Throughout the book, Pruitt notes the influence that missionary women had on American perceptions of the “orient” and highlights how the place of women in these various societies served as a primary justification for the support of the entire missionary endeavor. Ironically, Pruitt often refers to the disparaging comments made by missionaries regarding the women that they encountered in turkey, china, Burma, and India as “tropes” and yet she concludes the book with a survey of the state of women’s rights in some of these countries that contests that even to a modern observer, the life of women in some parts of the word does not compare favorably with the life of women in contemporary America.
One suspects that 19th Century missions supporters asserted that the preaching and reception of the Christian gospel was the necessary catalyst to improving the lot of women whereas today, a message of human rights and support for women’s education, disconnected from religious conversion suffices. 19th century missionaries, no doubt, could not have conceived of a society that rejected Christianity and protected a woman’s right to actualize her potential. They saw religion as the basis for all improvement in human social systems and reports of gender oppression were synonymous with assertions to a need for conversion, ergo, more missionary support.
To the modern ear, the missionary cant about the state of women in the Orient (a region that comprises many different sub-cultures from Morocco to Egypt to Syria to turkey to Iran to China, Burma, and the Sandwich Islands (Hawaii) sounds pompous, bigoted, and arrogant. It is full of the sound of “our-religion-is-better-than-yours.” One should note however that the motives of most American missionary women were rooted in two vital convictions. One was that the true sign of personal holiness was a disinterested benevolence towards all humanity. Kindness and affection for one’s own family and circle of friends was not enough. Holiness involved a sincere and active affection for all human beings no matter how remote. A second conviction was, as stated, that all human social problems were the consequence of erroneous theology which was always a consequence of having not read and believed the Bible. The Reverend Joel Hawes put it this way in one of his sermons in support of the American missionary movement:
“Throughout the world, where the Bible is unknown, woman is ignorant, degraded, substantially enslaved ; a poor, trembling drudge, waiting on the desires of a haughty, domineering master. But wherever the Bible has diffused its light and power, there it has restored woman to her proper place in society ; it has redeemed her from an Egyptian bondage of body and mind, and while it has given greater sensibility and delicacy to her affections, it has enlarged her understanding, purified her taste, adorned her manners, dignified her character, and widened exceedingly the circle of her influence and enjoyments.”

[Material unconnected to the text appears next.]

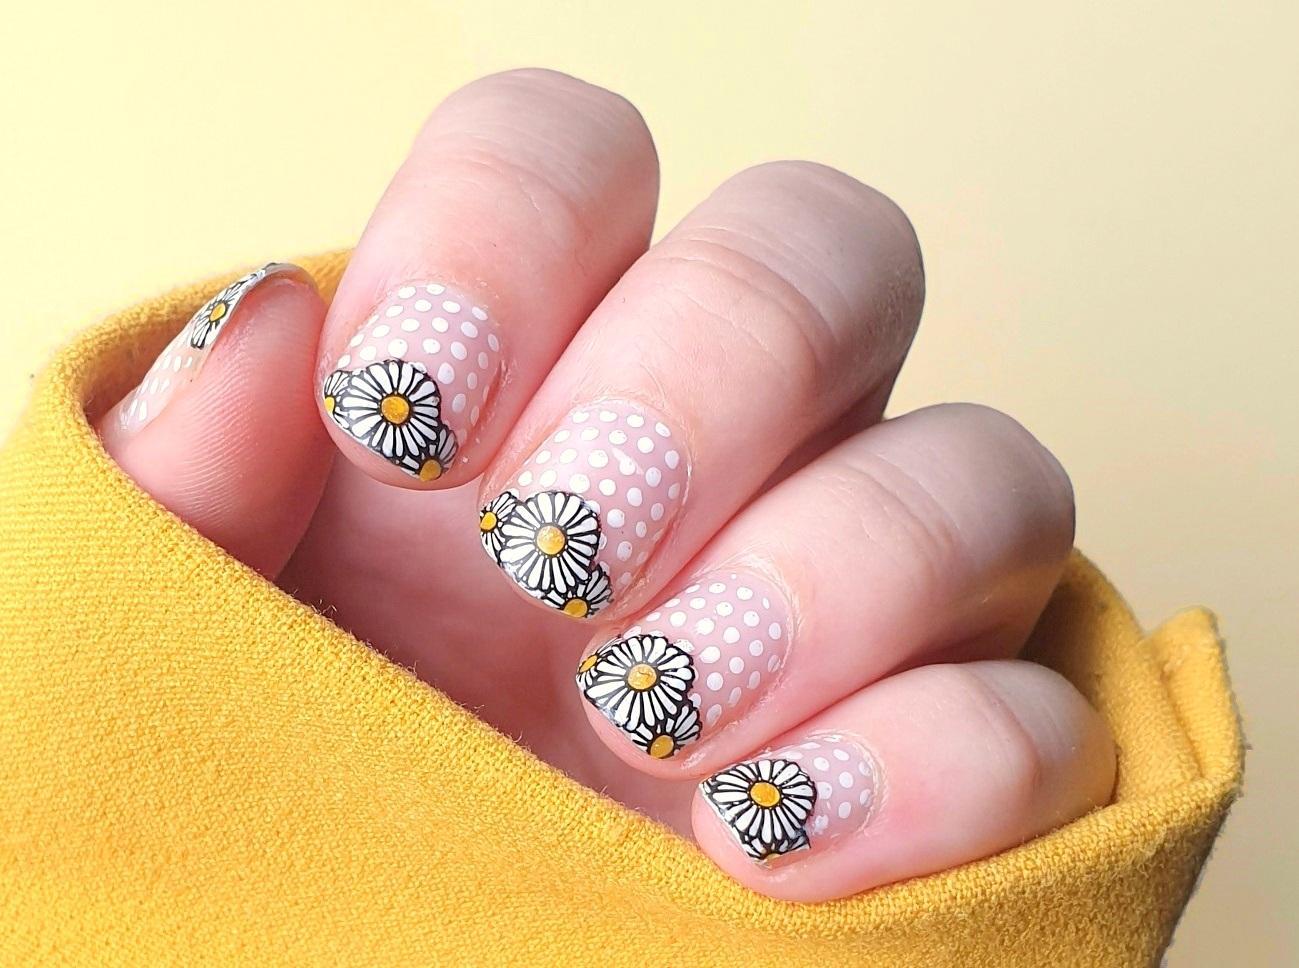 Montagspinselei Negative Space Ganseblümchen Nailart

For women who wished to live useful lives on behalf of the wider world they were required to care about, missionary activity that sought to bring the Bible, translate the Bible, distribute the Bible, preach the Bible, and teach girls and women to read so that they could access was the apex of holiness and the royal road to sainthood. Missionary women were paragons of virtues that all American Christian women were taught to admire. And American women were interested in reading about them. Pruitt explains as follows.

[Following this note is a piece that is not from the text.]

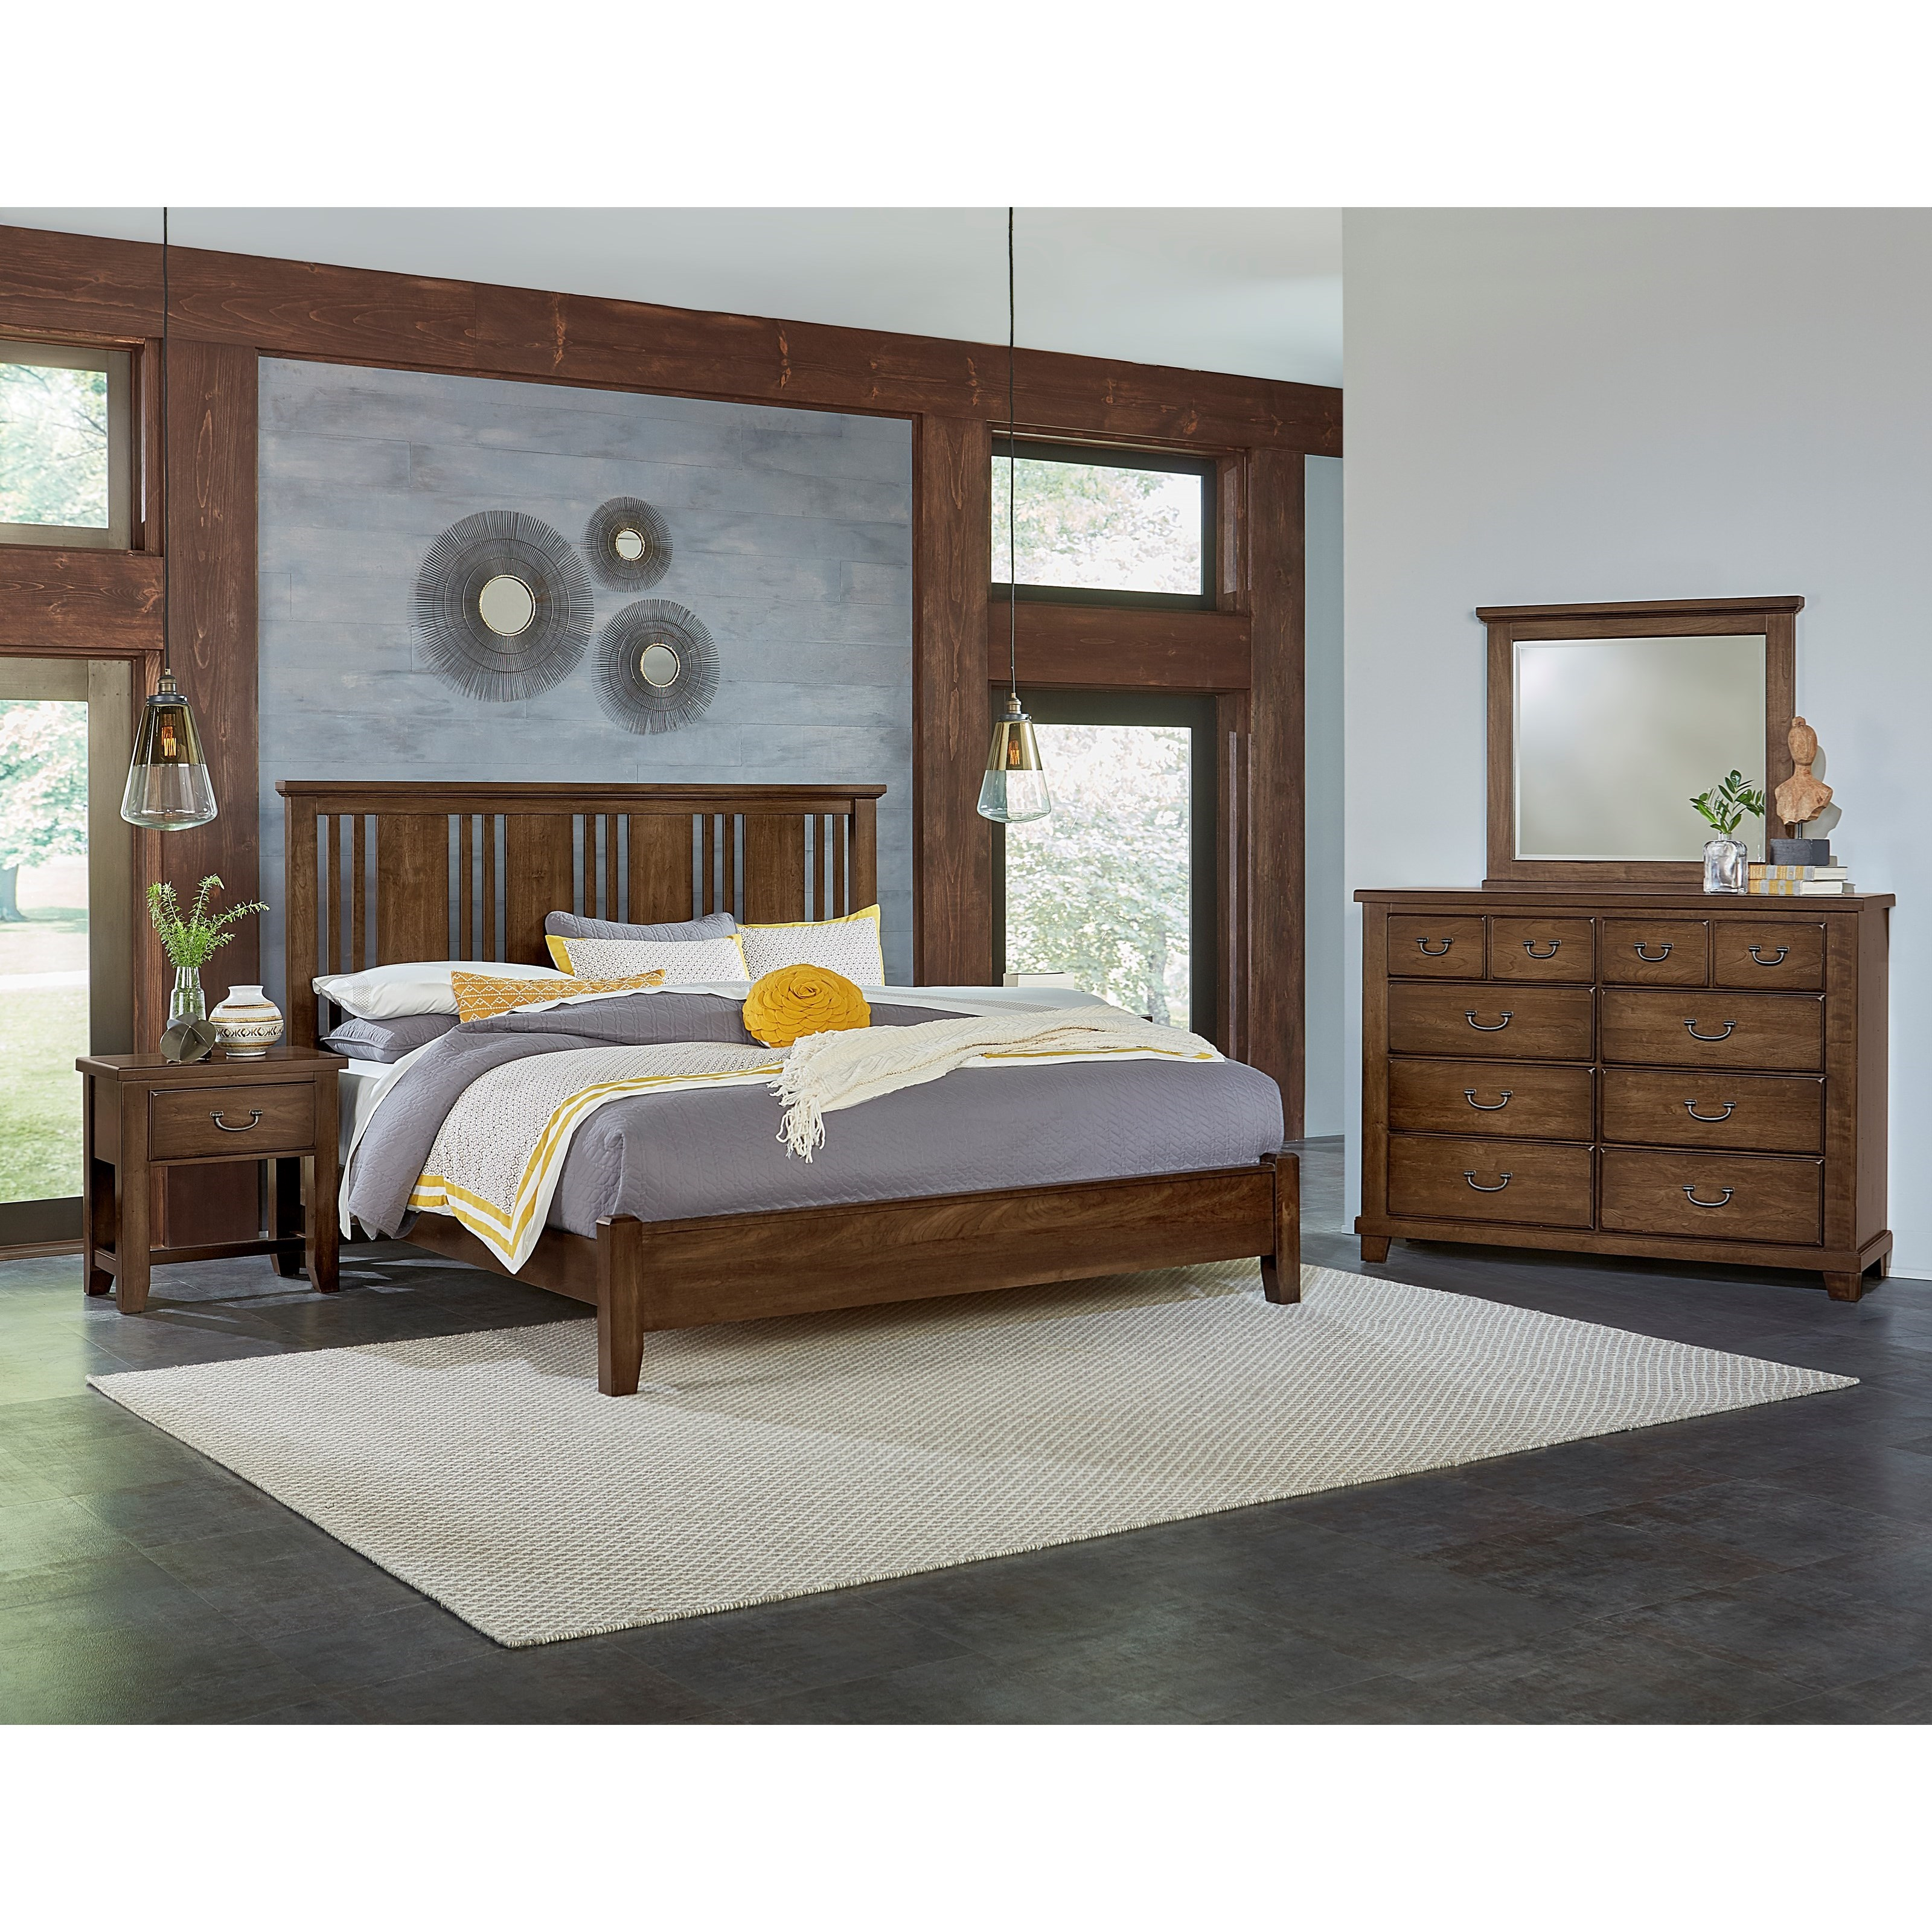 Vaughan bassett american cherry king bedroom group for Bedroom groups

“In an extensive bibliography appended to his Encyclopedia of Missions, Edwin Munsell Bliss identified seventy American missionary memoirs published before 1870. Fifty-four of them (77%) had missionaries to Asia as their subject. Twenty-six of the twenty-seven memoirs about women focused on women who served in Asia. Americans, especially American women, clearly wanted to know about the condition of women in the ‘Orient’ and the work of missionary women to ameliorate those conditions.”
A person would be hard pressed to find where an aspiring intelligent woman of the early 19th century could have looked to have seen a door opening to her with more meaningful work.
Question for Comment: How do you determine just how wide the circle of your disinterested benevolence should expand?